Peperomia parva is a species of terrestrial or epiphytic herb in the genus Peperomia that is native to Peru. It grows on wet tropical biomes. Its conservation status has been evaluated as threatened.

==Description==
The type specimen were collected at Pichis Trail, Peru at an altitude of 1700-1900 meters above sea level.

Peperomia parva is a small, epiphytic, erect, glabrous herb. The alternate leaves are obovate, with a rounded apex and an acute base, measuring 15 mm long and 10–12 mm wide. They are pinnately nerved and, when dry, are leathery and opaque. The petiole is 5 mm long.
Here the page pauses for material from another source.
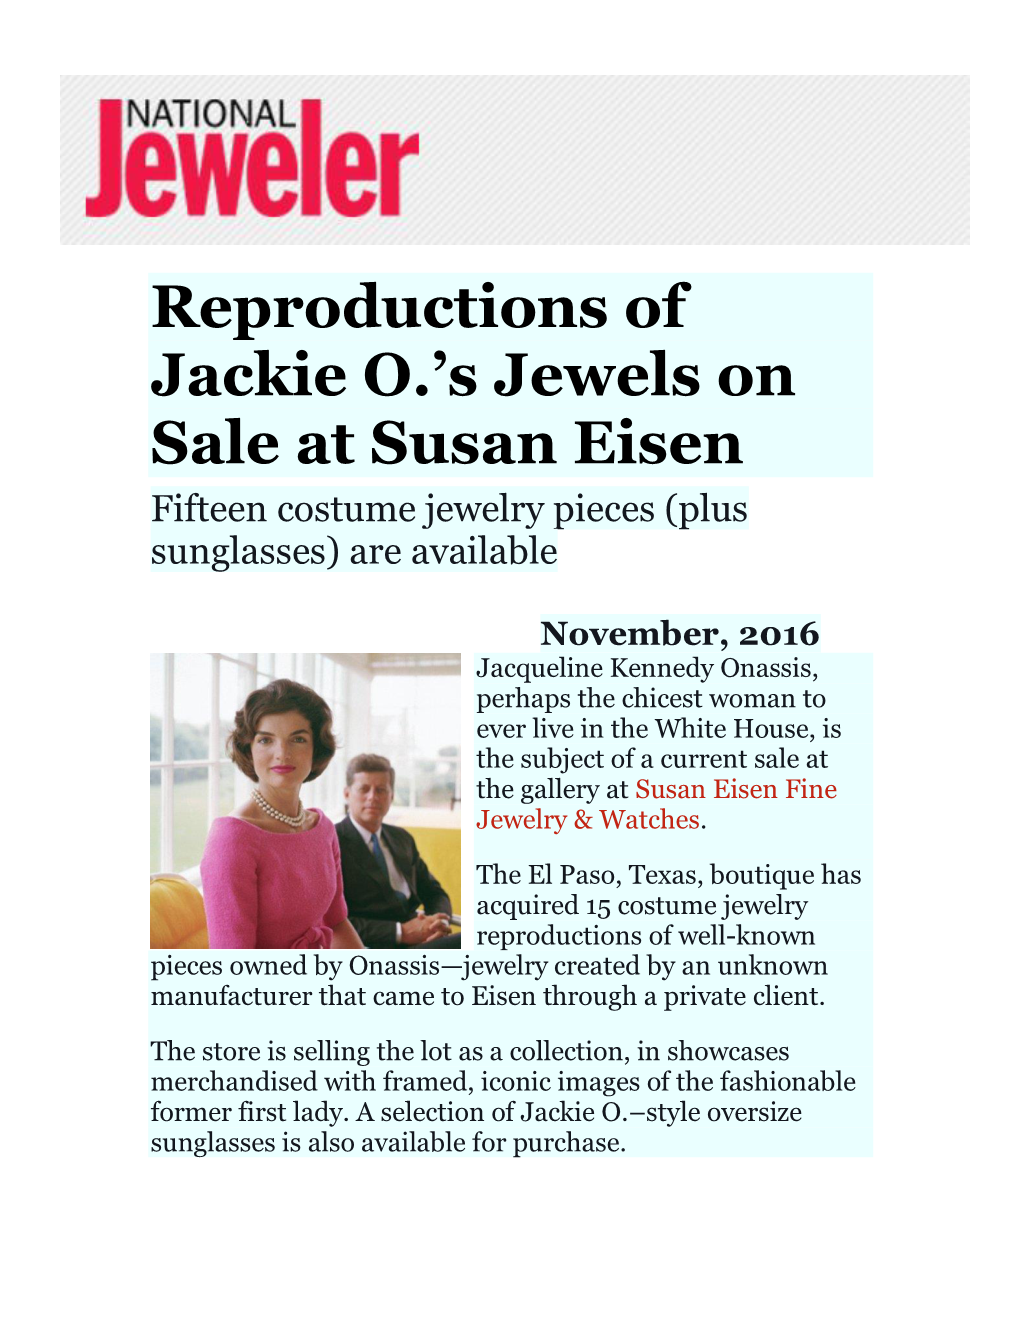 Reproductions of Jackie O.’S Jewels on Sale at Susan Eisen Fifteen Costume Jewelry Pieces (Plus Sunglasses) Are Available

The terminal spikes are 30 mm long and 2 mm thick, with a peduncle half as long (15 mm).

==Taxonomy and naming==
It was described in 1936 by William Trelease in Publications of the Field Museum of Natural History, Botanical Series 13, from specimens collected by Ellsworth Paine Killip & Albert Charles Smith.

The epithet is derived from the Latin for "small," directly referring to the diminutive size of this epiphytic species.

==Distribution and habitat==
It is native to Peru. It grows as a terrestrial or epiphytic herb. It grows on wet tropical biomes.

==Conservation==
This species has been assessed as threatened in a preliminary report.